• WHAT THE TASK ASKS: Every line below should come back exactly as written, though the pictures stay out.

═════ RECORDED INFORMATION

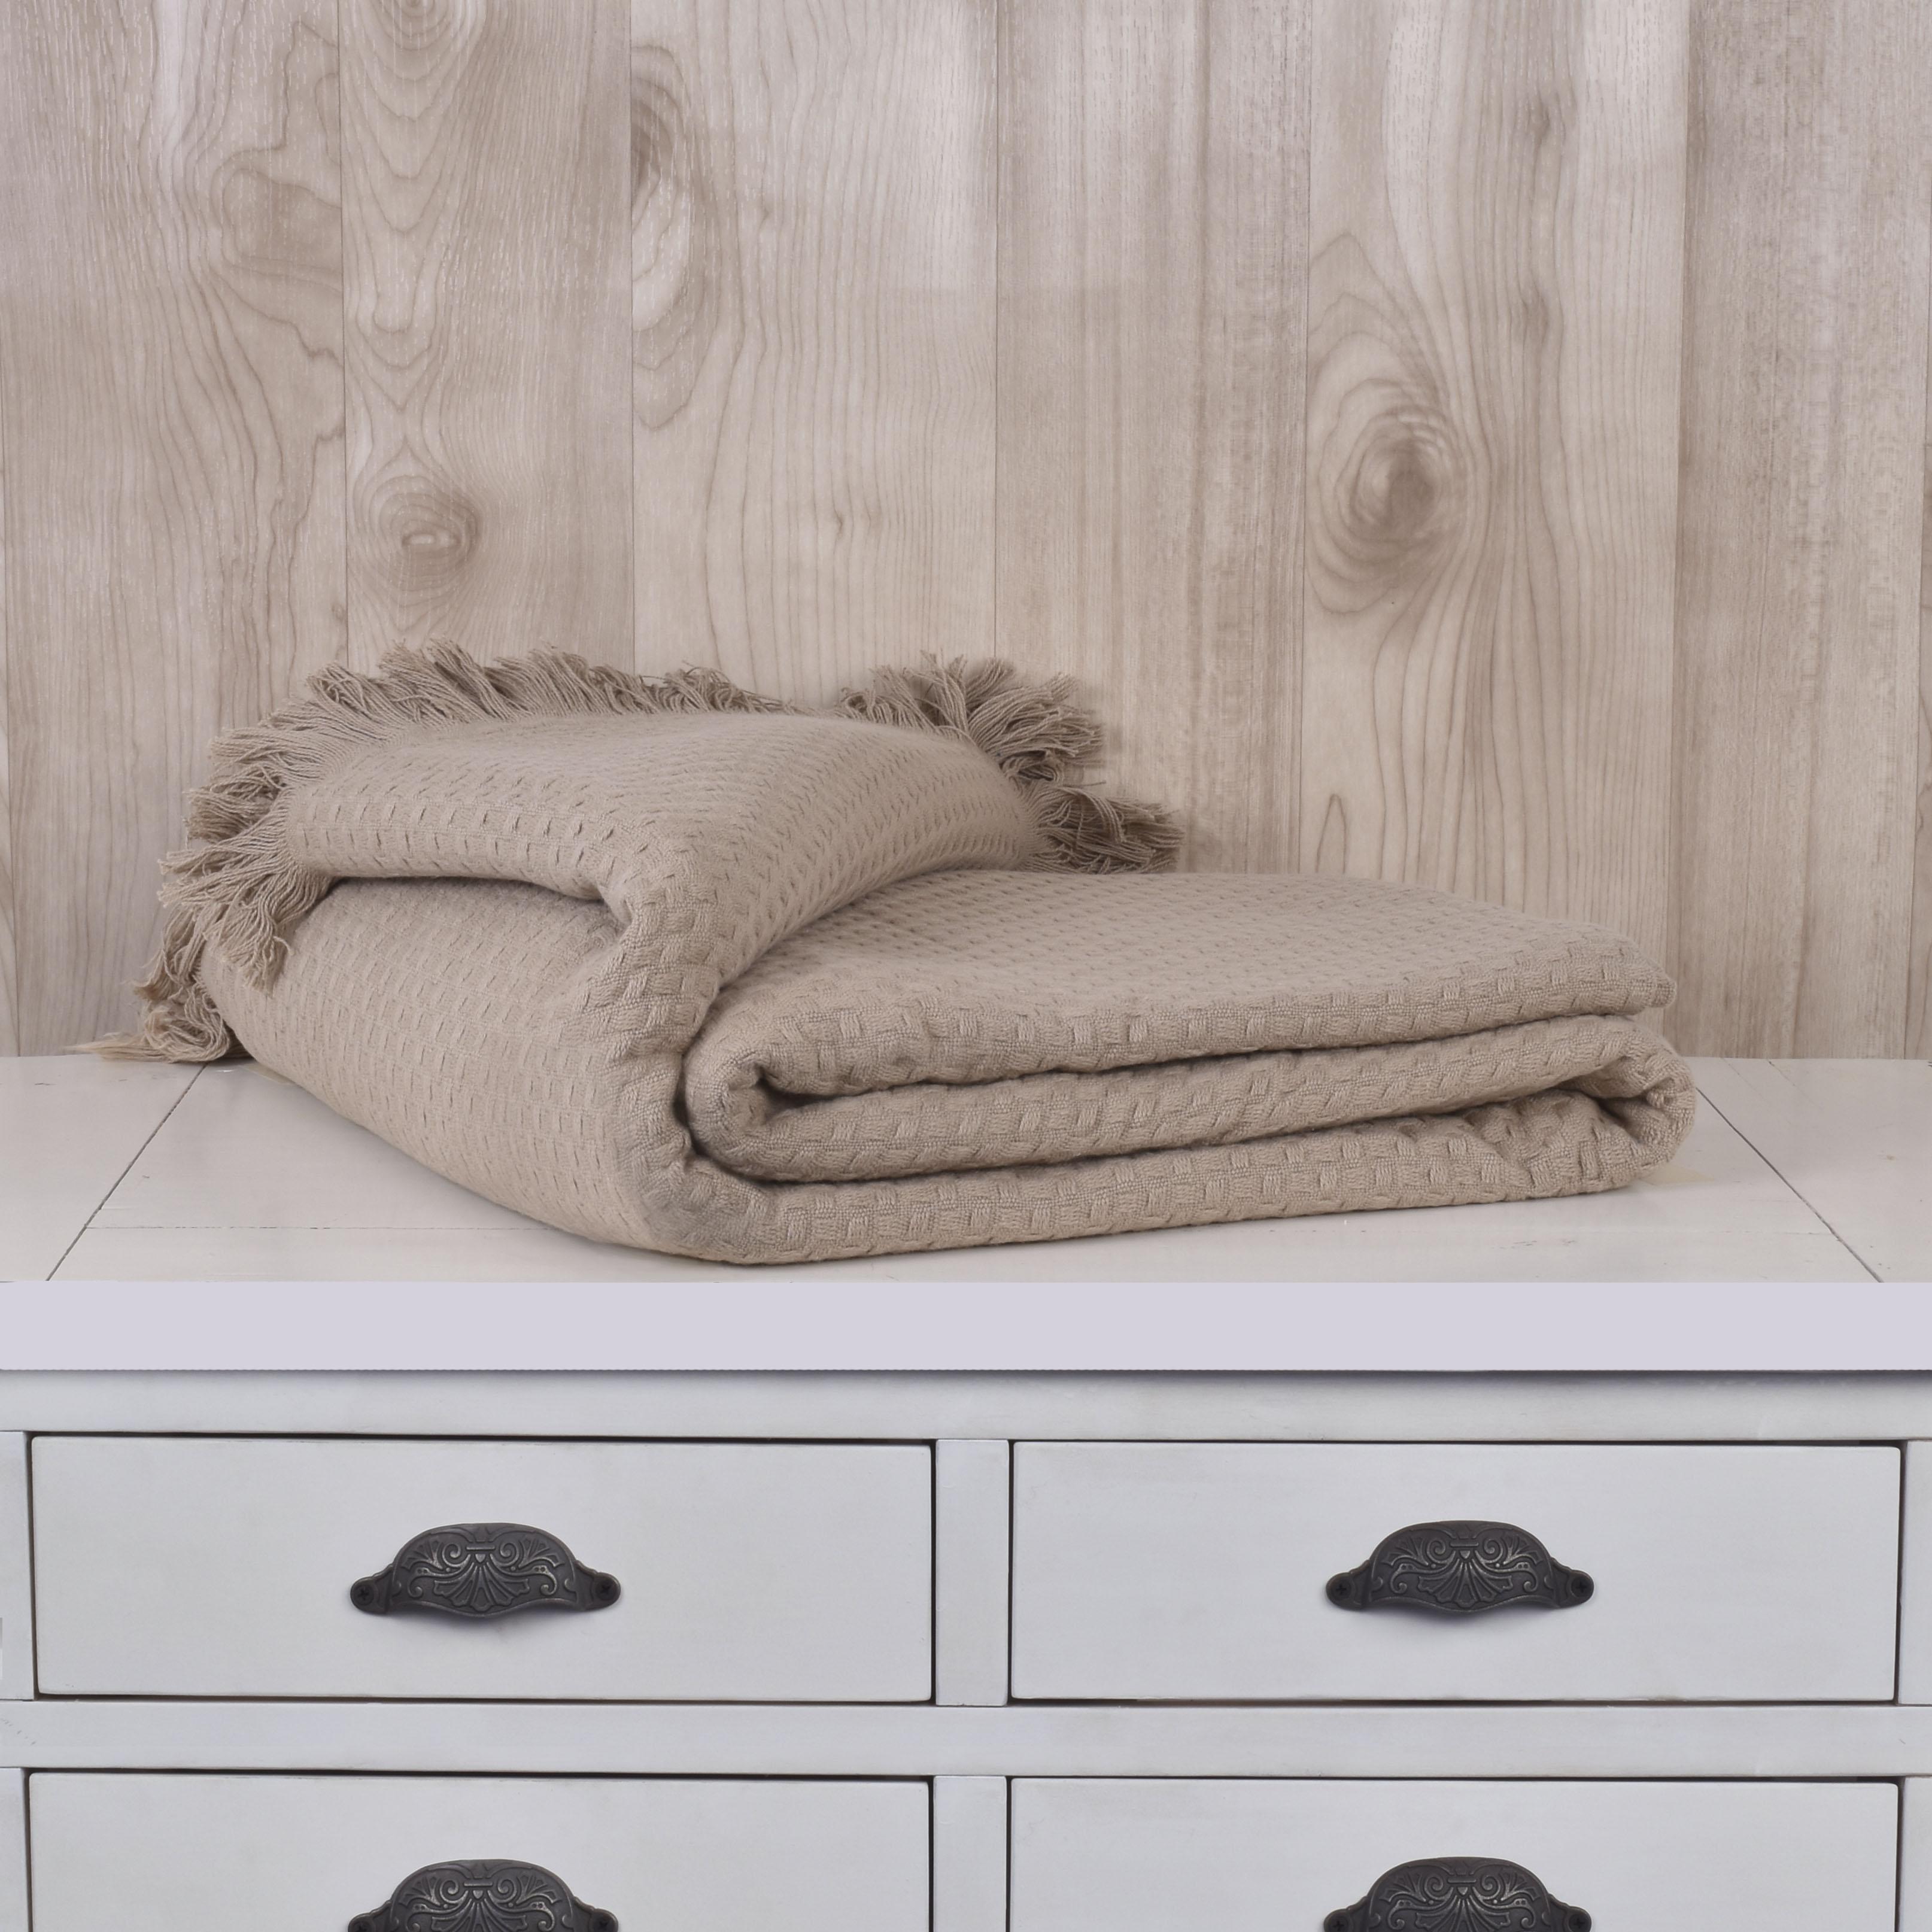 Mantas Cotton / Beige
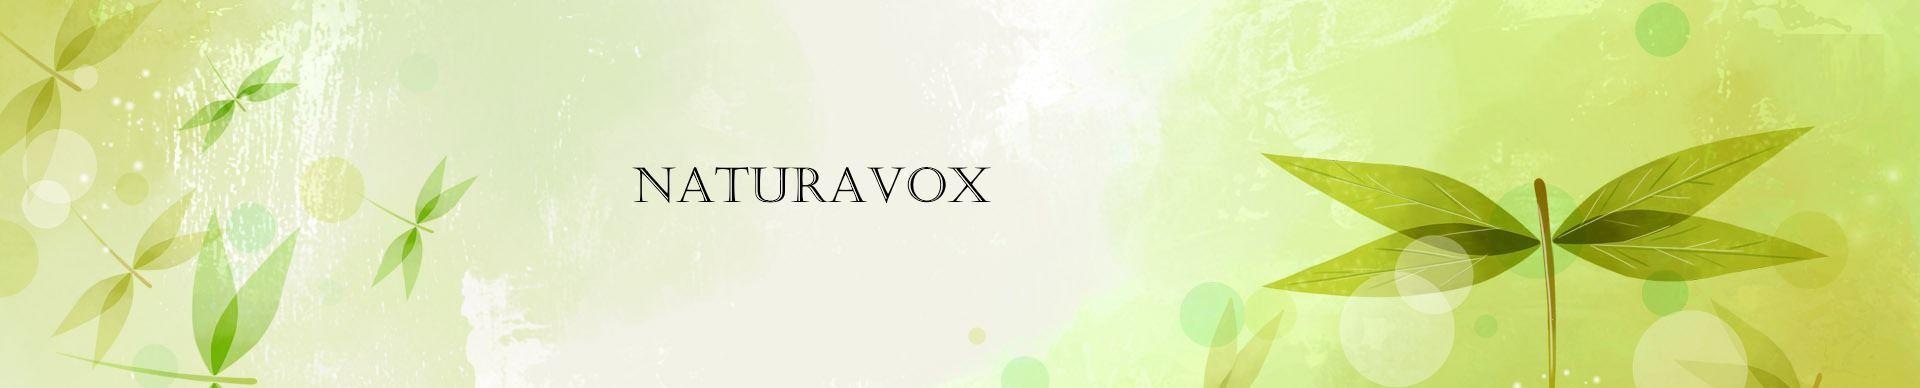 Naturavox
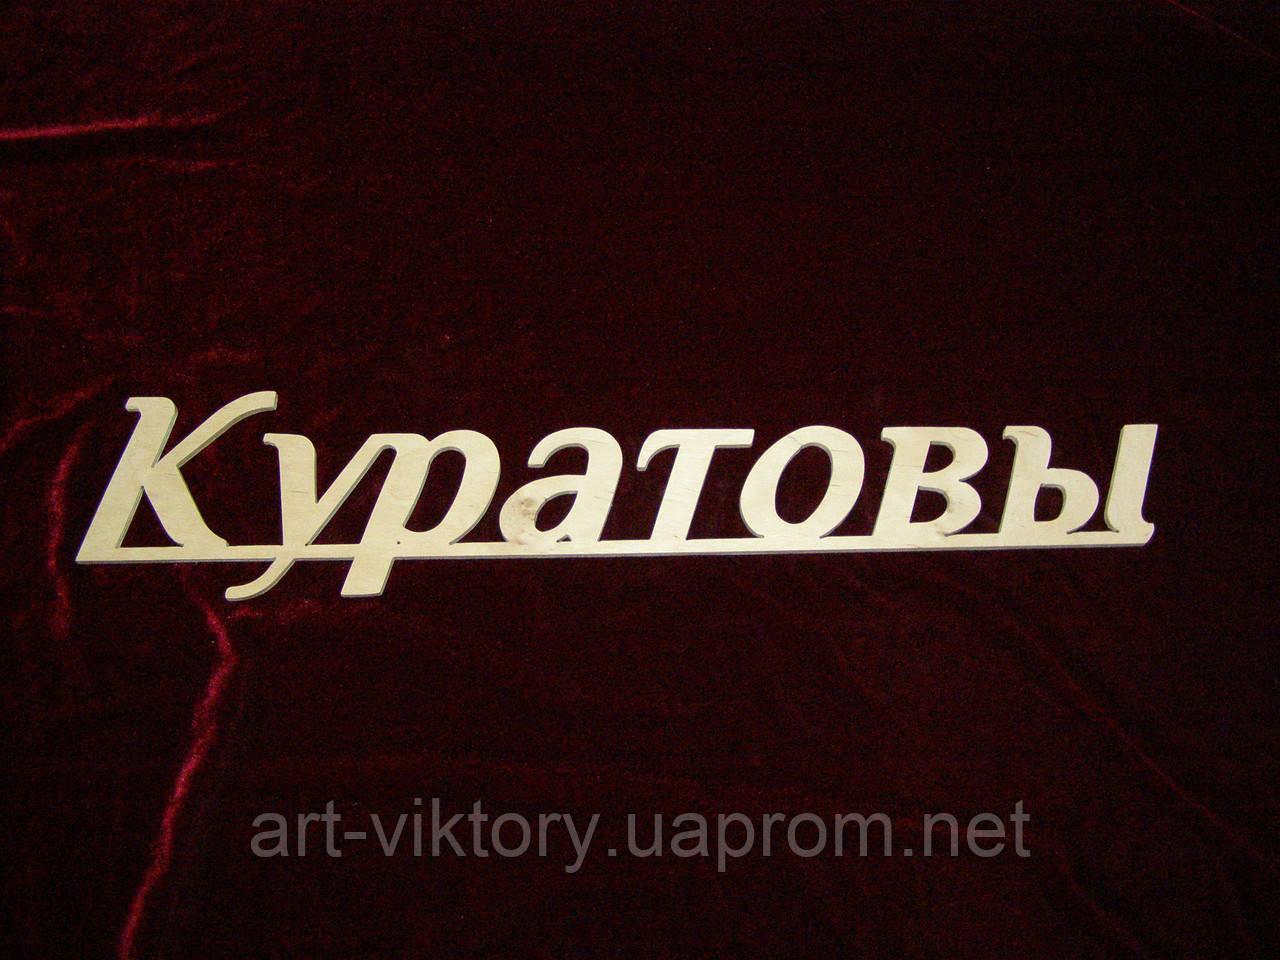 Фамилия, надписи
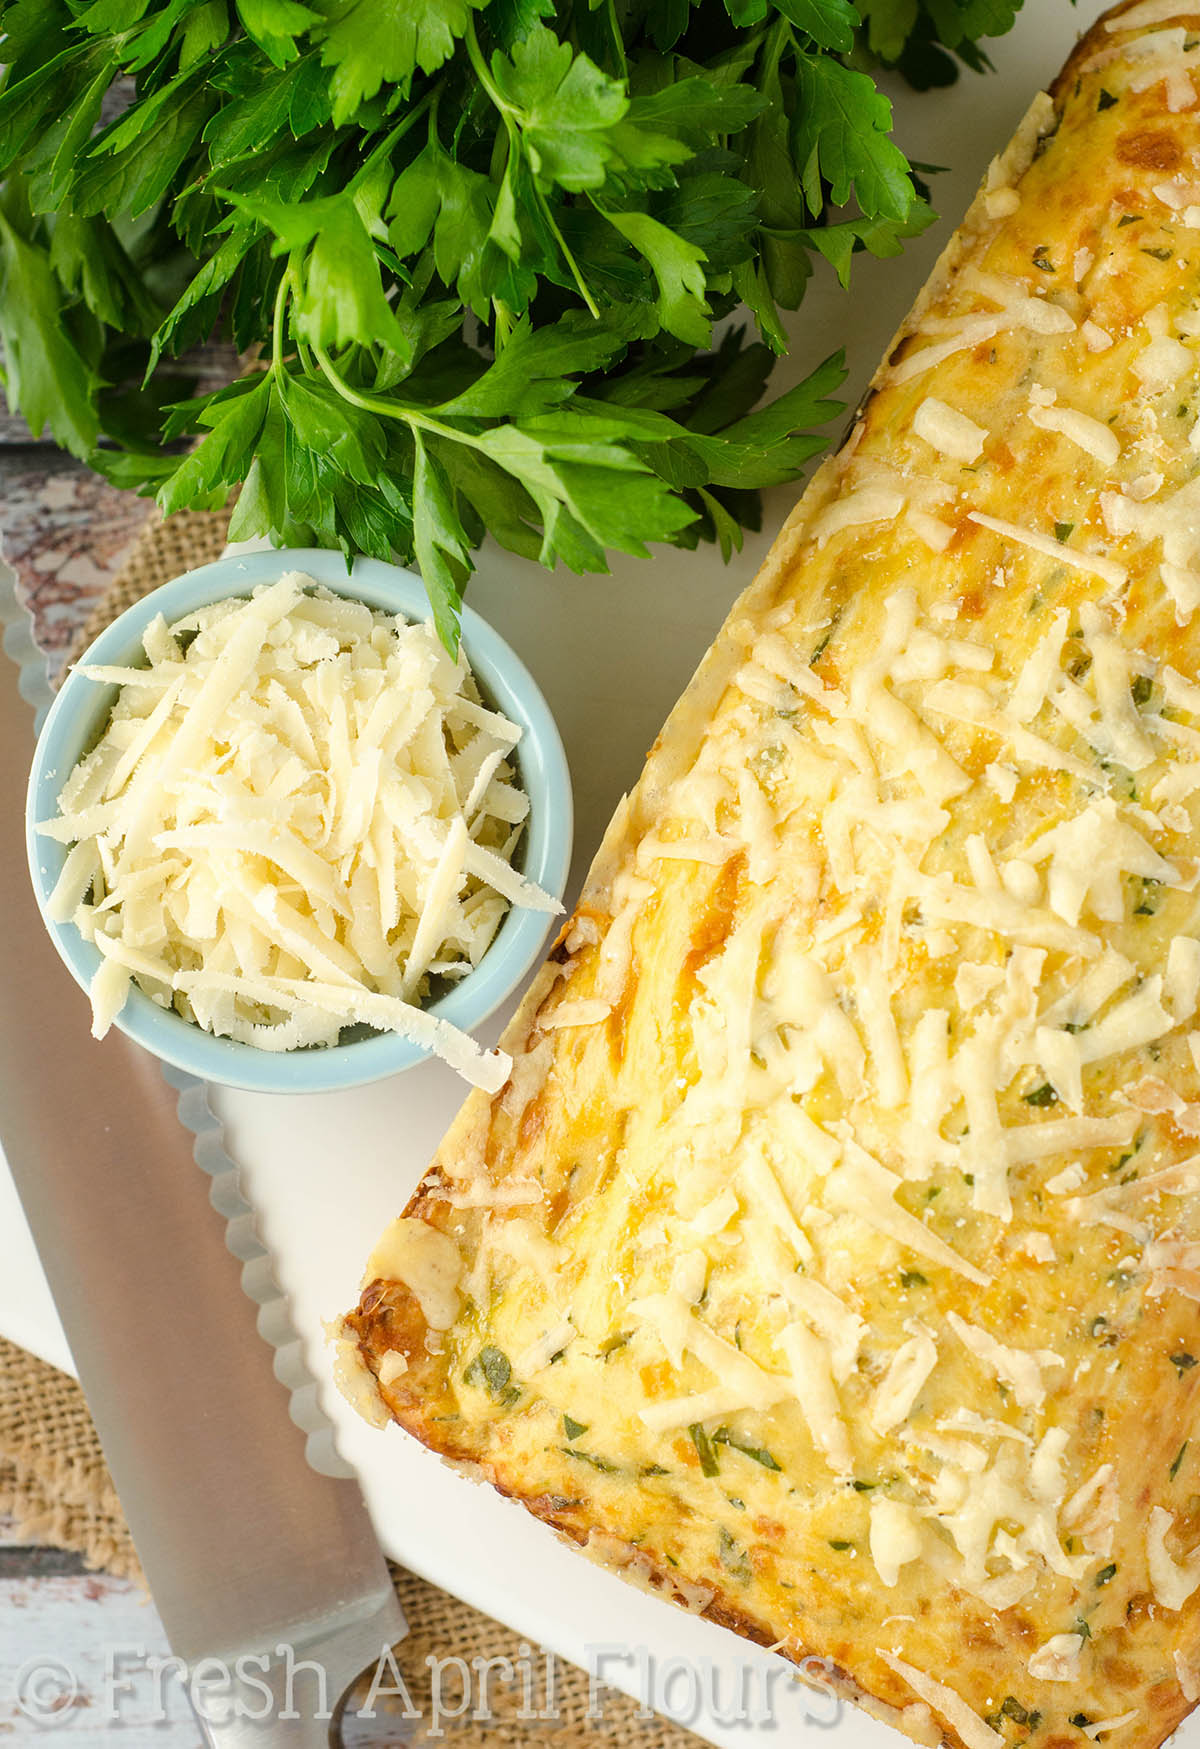 Eva's Parmesan Parsley Bread

══════════

• SOLUTION TO THIS TASK:
 Mantas Cotton / Beige
 Naturavox
 Фамилия, надписи
 Eva's Parmesan Parsley Bread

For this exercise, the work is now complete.